With winter just around the corner and the nights drawing in, thoughts come around to warming stews and hot pots.
A lot of people won’t normally consider game, but it’s low in fat, has nearly no cholesterol and is high in protein.
Game has been in season for a couple of weeks, it is in ready supply and can come already prepared, just like chicken, ready to roast, but is it good value? It can be, priced at about £6 a bird prepared or a couple of pounds unprepared (feathers and all).
But if you want to come and learn, Tresham College offers one evening courses on game, including how to choose and prepare a variety of dishes including feathered and furred game.
Pheasant is an easy cooking bird which holds its flavour well. This dish brings a little sweetness to the bird which can be quite strong flavoured, but because of this you don’t need so much and its worth a go, it really is good for you.
1 pheasant, about 500-600g (1 whole bird, prepared)
2 slices back bacon
50g smooth pate
100g mixed dried fruit (raisins, sultanas, and currants)
1 glass red wine, about 125ml
1 chicken stock cube or half pint chicken stock
Pinch of ground cinnamon
Pinch of ground cloves
2 medium sized potatoes (Maris piper), peeled and 1 par boiled for 6 minutes
50ml rapeseed oil
3 sprigs fresh thyme
¼ red onion peeled and cut into 4
1 stick celery, cut into chunks
100g Savoy cabbage (shredded and cooked)
1. Mix dried fruit with half the red wine and cinnamon and cloves, leave to marinate for about an hour.
2. Remove string from bird and remove the wish bone, just like you would with a chicken (Tresham College site has a video on this) or get your butcher to do it for you.

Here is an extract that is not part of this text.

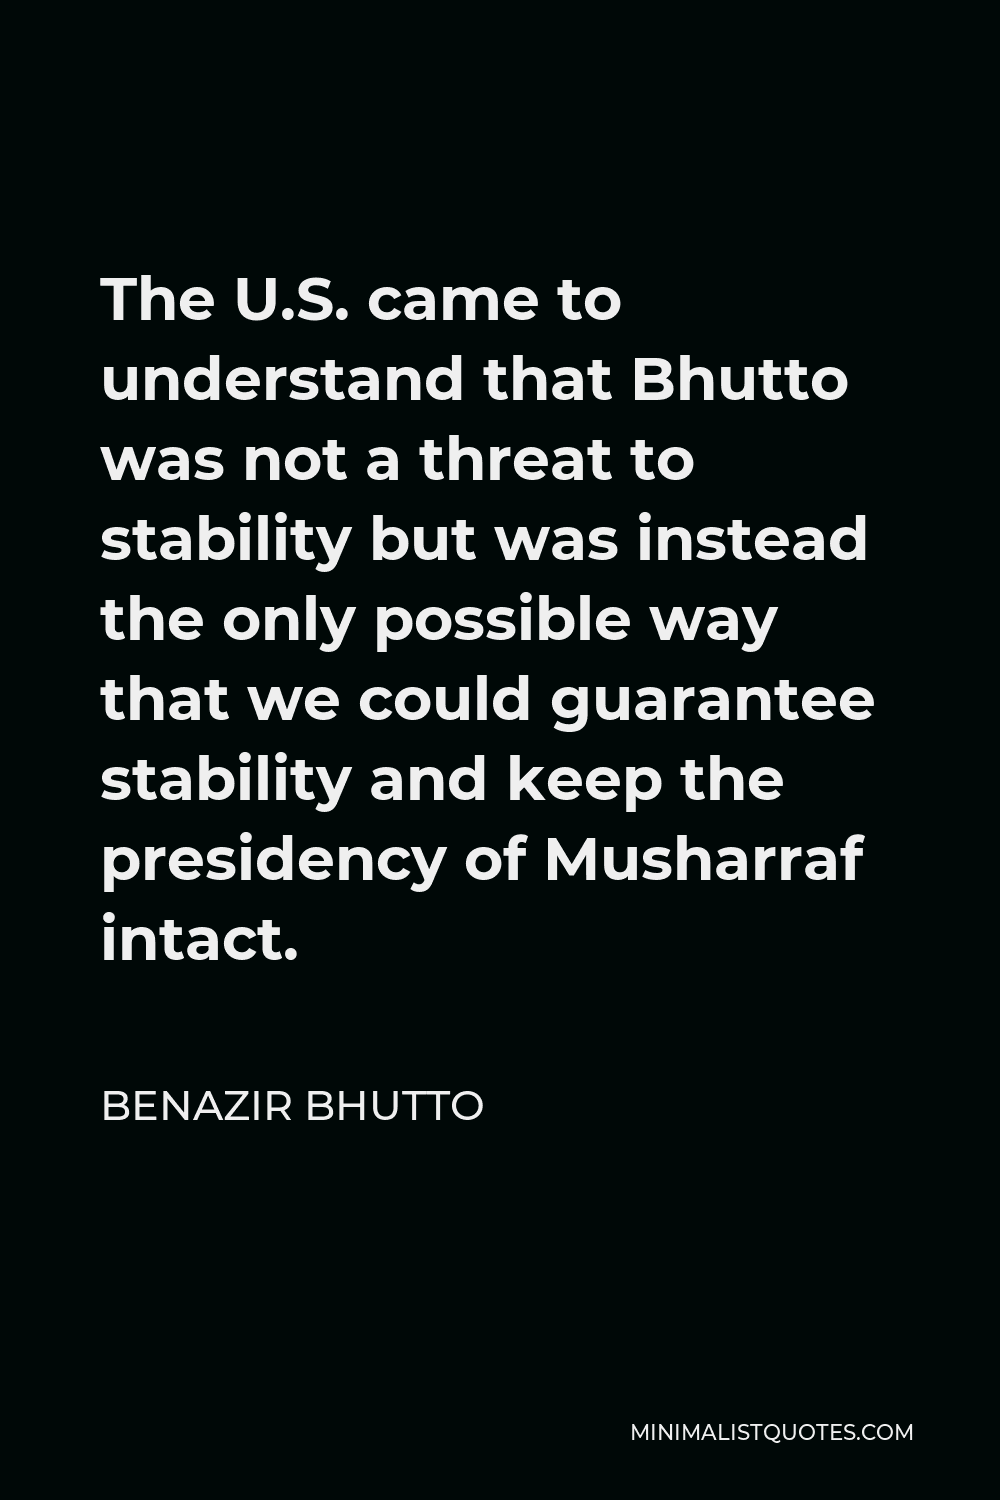 Benazir Bhutto Quote - The U.S. came to understand that Bhutto was not a threat to stability but was instead the only possible way that we could guarantee stability and keep the presidency of Musharraf intact.

3. Remove the breast from the pheasants and butterfly them (cut breast through the middle and open it up, do not cut all the way through - this is on the website as well). Keep legs for another recipe.
4. Lay the bacon on the pheasant, place half the pate on it, fold it over and the bacon over it and bring the pheasant breast together again so you have the pate inside the breast and leave aside.
5. Grate both potatoes together and season with a little sea salt and black pepper.
6. Mould potatoes into a couple of medallion shapes about the size of a Hob Nob biscuit, 2 per portion.
7. Heat a frying pan and when the pan is hot add a little rapeseed oil. Add breasts skin side up and sear them.
8. Cook for 3 minutes, then turn over and cook for another 5 minutes.
9. Remove breasts to a plate and cover with another plate and keep warm.
10. Once pheasants are out, put pan back on the heat and add a little red wine and stir to remove sediment from the bottom of the pan, and strain into a measuring jug.
11. Heat another frying pan and pan fry the potato cakes, turning when brown, cook for about 3 to 4 minutes, place on a tray and place in the oven and turn oven down.
12. Remove carcass from oven, strain off the fat and add 1 cup of water and some sea salt and pepper, place onto the stove on a low heat stirring all the time. When all the sediment has come off the bottom, strain the liquid through a sieve and place back onto the boil and add the chicken stock. Reduce by half, add juice from measuring jug to this.
13. Add soaked fruits to sauce, boil for 2 minutes to remove alcohol, then simmer for a couple of minutes.
14. In pan that had pheasant breasts, wipe out with a little paper and put back on heat.
15. Add 25g butter and add cabbage, stir to heat through, season with salt and pepper.
16. Place plates in the oven to warm.
17. Place a ring on the side of the plates.
18. Add cabbage to rings then place potato cakes alongside the cabbage.
19. Take out breasts and place alongside potatoes.
20. Add remainder of butter to saucepan with sauce and whisk lightly to emulsify.
21. Spoon sauce over breast.
Recipe by John Fahy, lecturer and chef at Tresham College of Further and Higher Education’s Manor House Restaurant in Corby.